What would settle it
Spectroscopic follow-up on a random subset of the photometrically classified objects to verify whether the reported 0.99 precision and 0.77 recall are reproduced on objects outside the training cross-match.
read the original abstract
This paper presents a comprehensive study of quasar photometric classification and redshift estimation using machine learning techniques. We cross-matched photometric data from the Dark Energy Survey Data Release 2 (DES DR2) with spectroscopic classifications from the Sloan Digital Sky Survey Data Release 16 (SDSS DR16), yielding an initial sample of 168,738 point-like objects. Using a K-Nearest Neighbors (KNN) algorithm with PSF magnitudes in the $g$, $r$, $i$, and $z$ bands, we achieved high-precision quasar/galaxy classification against stellar contaminants, reaching a recall of 0.77 at 0.99 precision.

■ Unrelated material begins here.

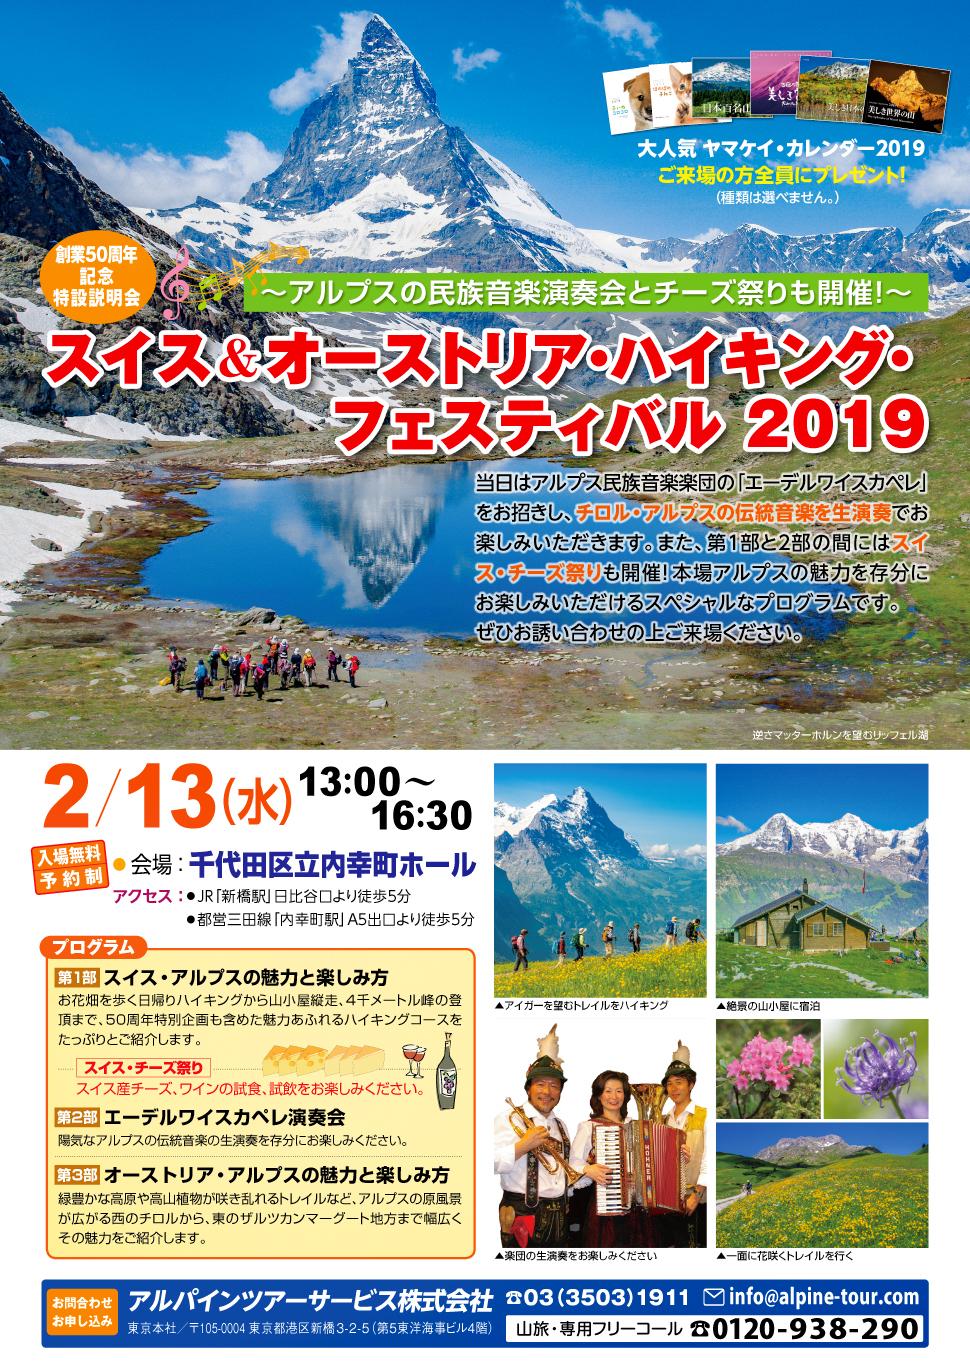 【東京】スイス&オーストリア・ハイキング・フェスティバル2019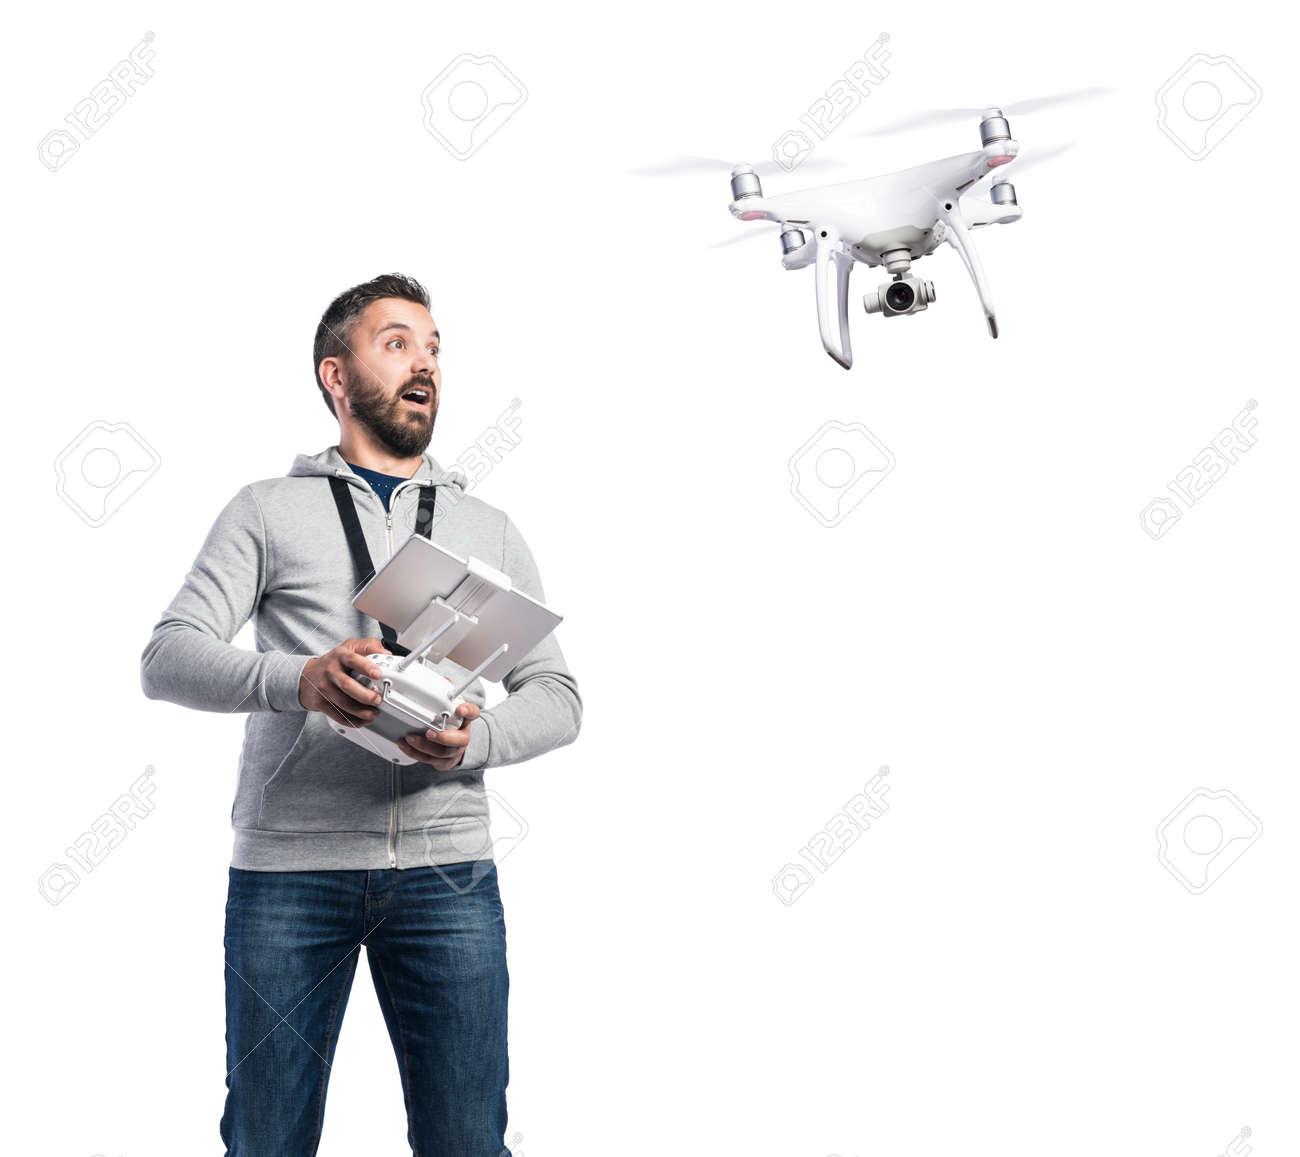 Distancia De BlancoAislado Aviones Sobre Fondo Con No Hombre Y Que Vuelan Estudio Tripulados Mando A La CámaraFoto 8kwn0OP

Photometric redshifts were subsequently estimated using a hybrid machine learning approach combining a Boosted Decision Tree from ANNz and a Decision Tree Regressor from scikit-learn. The resulting catalog spans redshifts from $z \approx 0.5$ to $z > 3$, with a distinct population recovered at $z \approx 4$. A stacked outlier classifier was developed to mitigate catastrophic redshift errors. The full photometric redshift sample contains 872,372 objects and remains reliable for cosmological applications at $z \approx 4$. The cleaned catalog contains 675,683 objects and is suitable for large-scale structure studies in the range $0 < z < 3$. This robustly characterized quasar catalog provides a valuable resource for future cosmological investigations.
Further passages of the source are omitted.